Put the beef tongue, beef shank or neck bones, onion, garlic, bay leaves, xoconostles, salt, and 5 quarts cold water in a large stockpot. Bring slowly to a simmer and skim the gray foam during the first 20 minutes. Lower the heat until the surface barely trembles. Cook 2 1/2 to 3 hours, until a knife slides into the thickest part of the tongue without resistance.
Lift the tongue onto a board while it is still warm. Peel off the thick outer skin with your fingers and a small knife. Do not wait until it cools or the skin will fight you. Trim any tough bits from the base, then slice the tongue into thick half-moons. Strain the broth and keep it. Discard the spent onion, garlic, bay, bones, and xoconostle pieces.
Put the rinsed cacahuazintle into the strained broth. Add enough water to keep the corn covered by 2 inches. Simmer gently for 1 1/2 to 2 hours, until the kernels bloom open like little flowers and are tender at the center. If the broth drops too low, add hot water. The corn tells you when it is ready, not the clock.
Heat a dry comal over medium. Toast the chile guajillo, chile ancho, and chile pasilla separately, 20 to 30 seconds per side. The skins should puff and darken one shade. They should not blacken. Toast the cumin seeds for 30 seconds, just until fragrant. Burned chile makes bitter broth. Throw it out and start again if you burn it.

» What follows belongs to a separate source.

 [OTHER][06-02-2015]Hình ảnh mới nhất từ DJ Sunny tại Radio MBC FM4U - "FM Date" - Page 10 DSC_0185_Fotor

Cover the toasted chiles with hot water and let them soften for 20 minutes. Drain them and blend with 2 cups of the pozole broth, the toasted cumin, Mexican oregano, chilcuague, and vinegar until completely smooth. Strain through a fine-mesh sieve. Chilcuague is strong and numbing, so use a disciplined hand. This is a Bajio accent, not a dare.

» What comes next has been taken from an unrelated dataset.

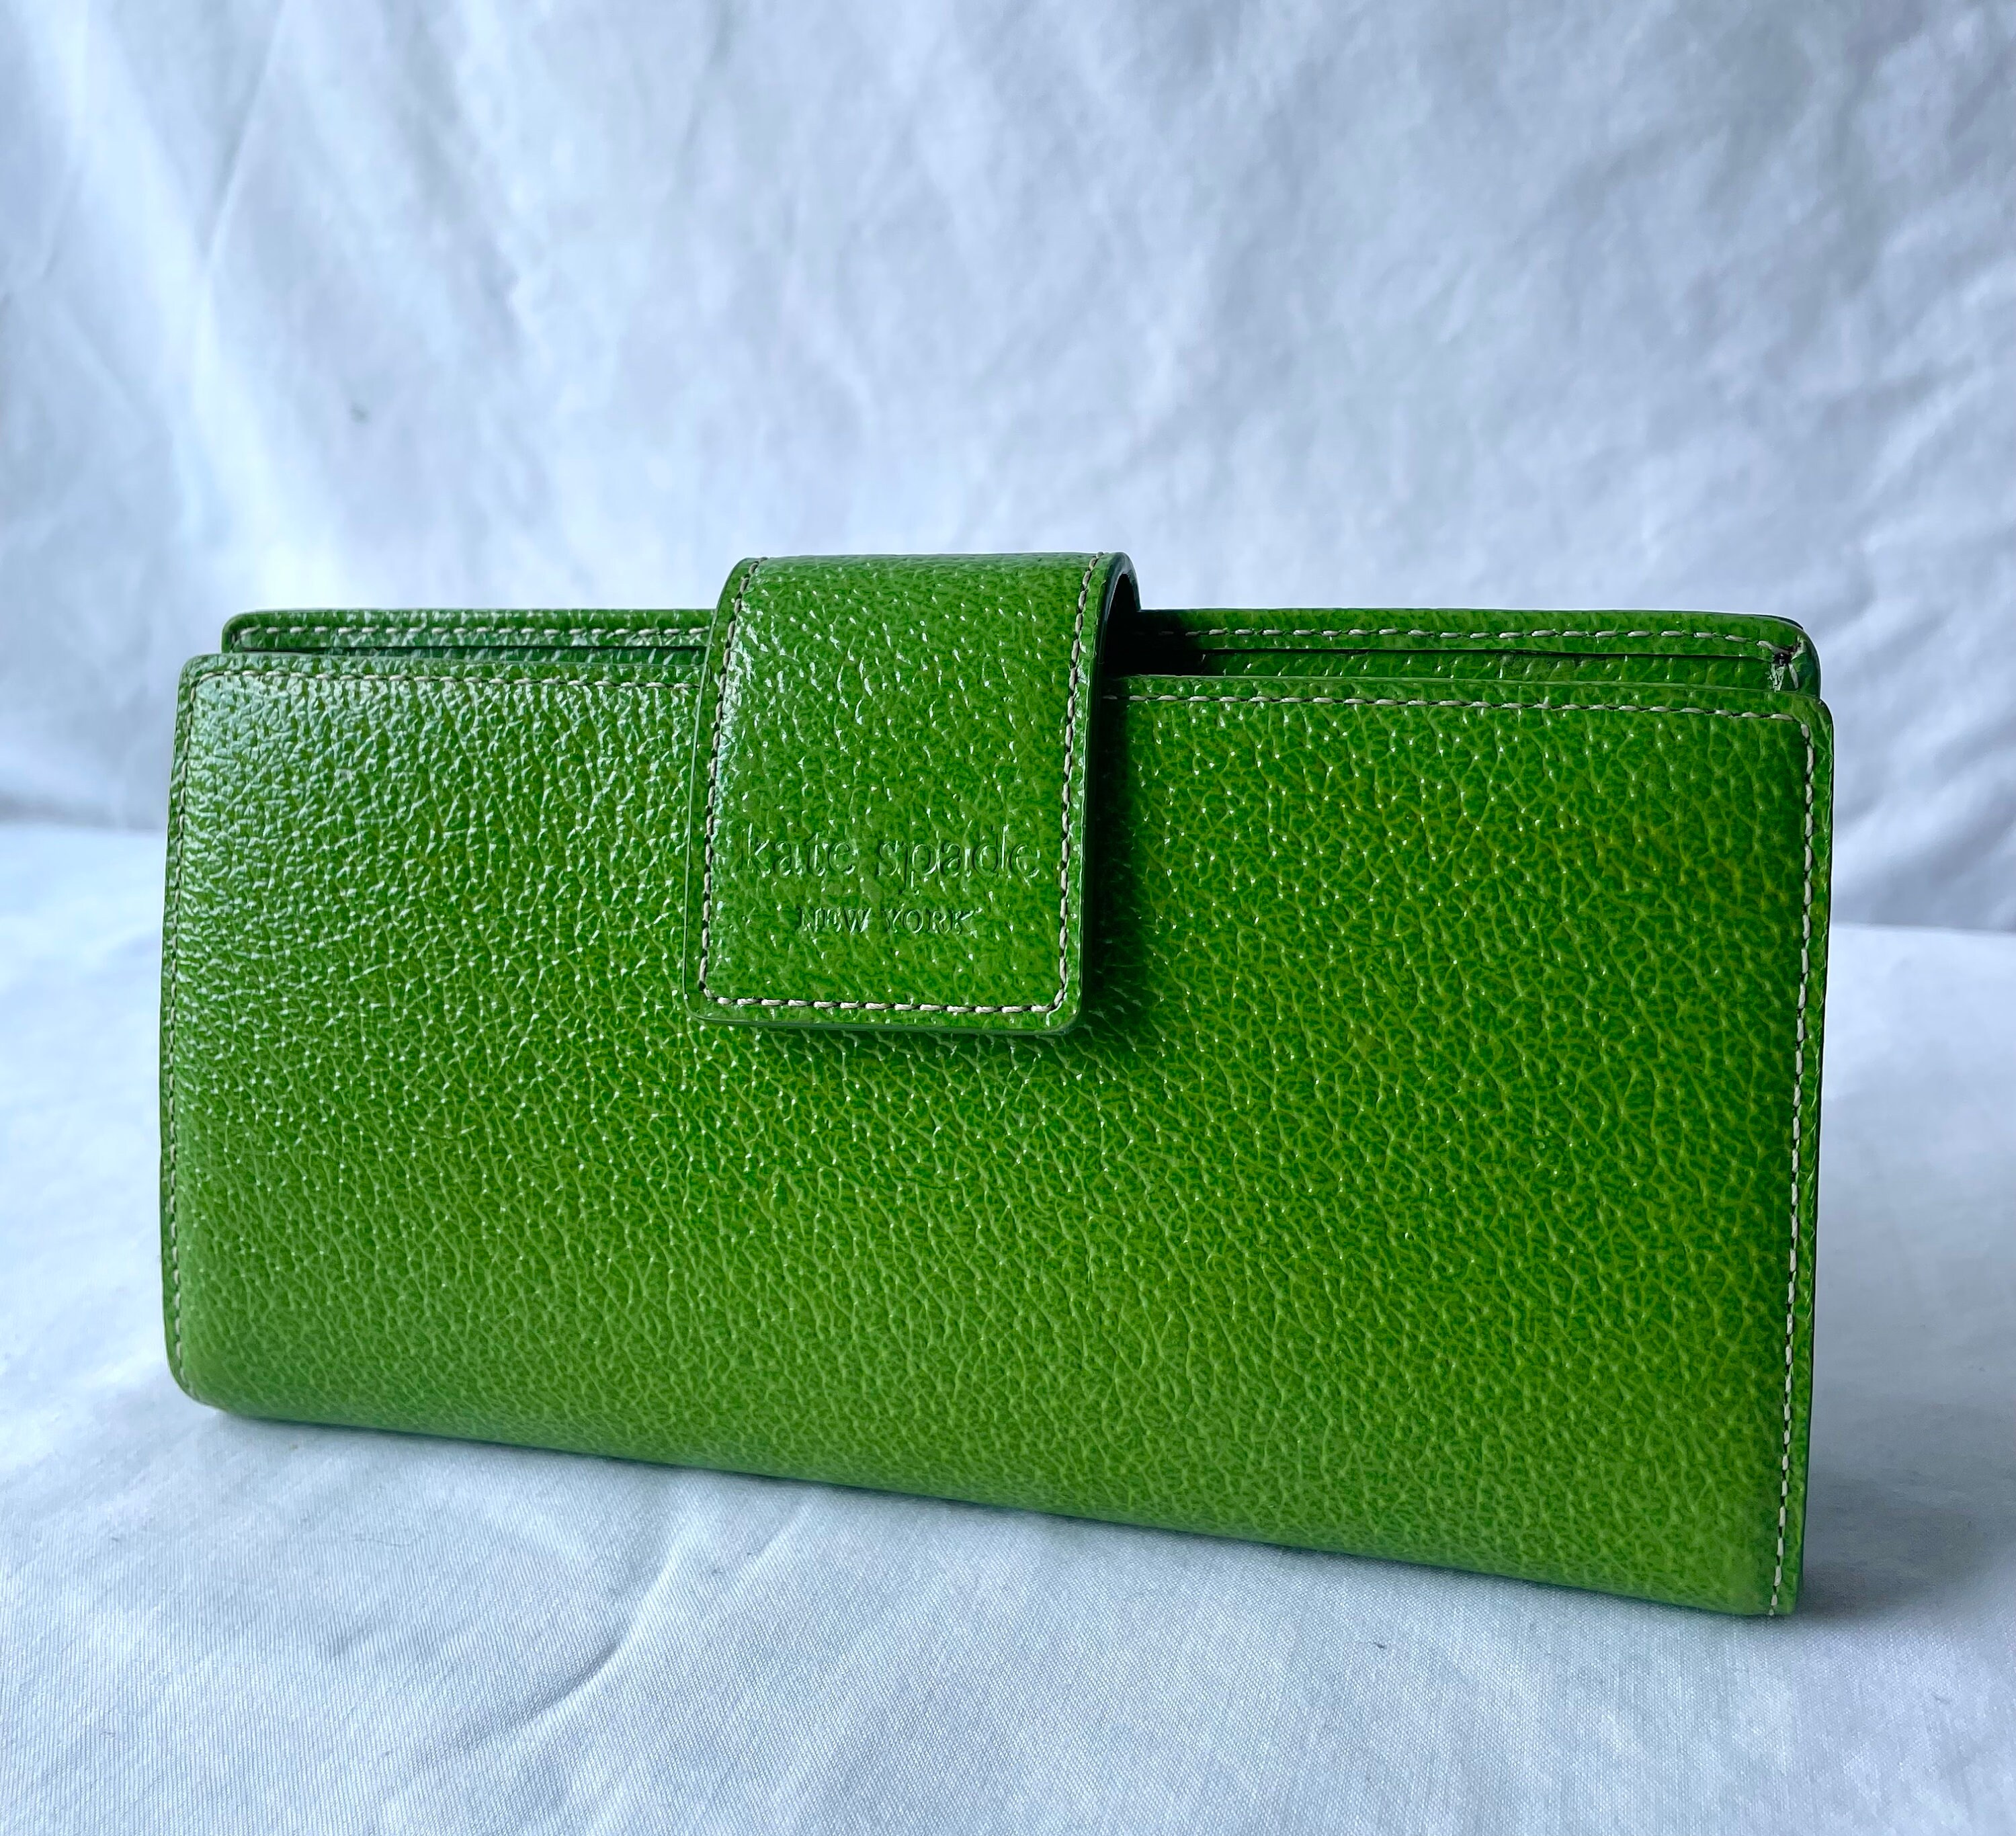 Wallet Designer By Kate Spade Size: Large

Melt the manteca de cerdo in a cazuela or heavy skillet over medium heat. Pour in the strained chile puree. It will jump, so stir with authority. Cook 8 to 10 minutes, scraping the bottom, until the color deepens to brick red and the fat begins to separate at the edges. This frying is what removes the raw chile taste. No me vengas con atajos.
Stir the fried chile adobo into the pot of opened cacahuazintle. Add the sliced tongue. Simmer 25 to 30 minutes so the tongue, corn, and chile broth become one pot instead of three separate jobs. Taste for salt. The broth should be full, lightly acidic from the xoconostle, and red from chile, not tomato.
Ladle the pozole into deep clay bowls. Set out radish, romaine lettuce, white onion, lime, oregano, tostadas, and crumbled queso ranchero in small dishes. Let each person finish the bowl at the table. Aguascalientes food is generous, but it is not confused. No cheddar. No sour cream. No flour tortillas here. Así se hace y punto.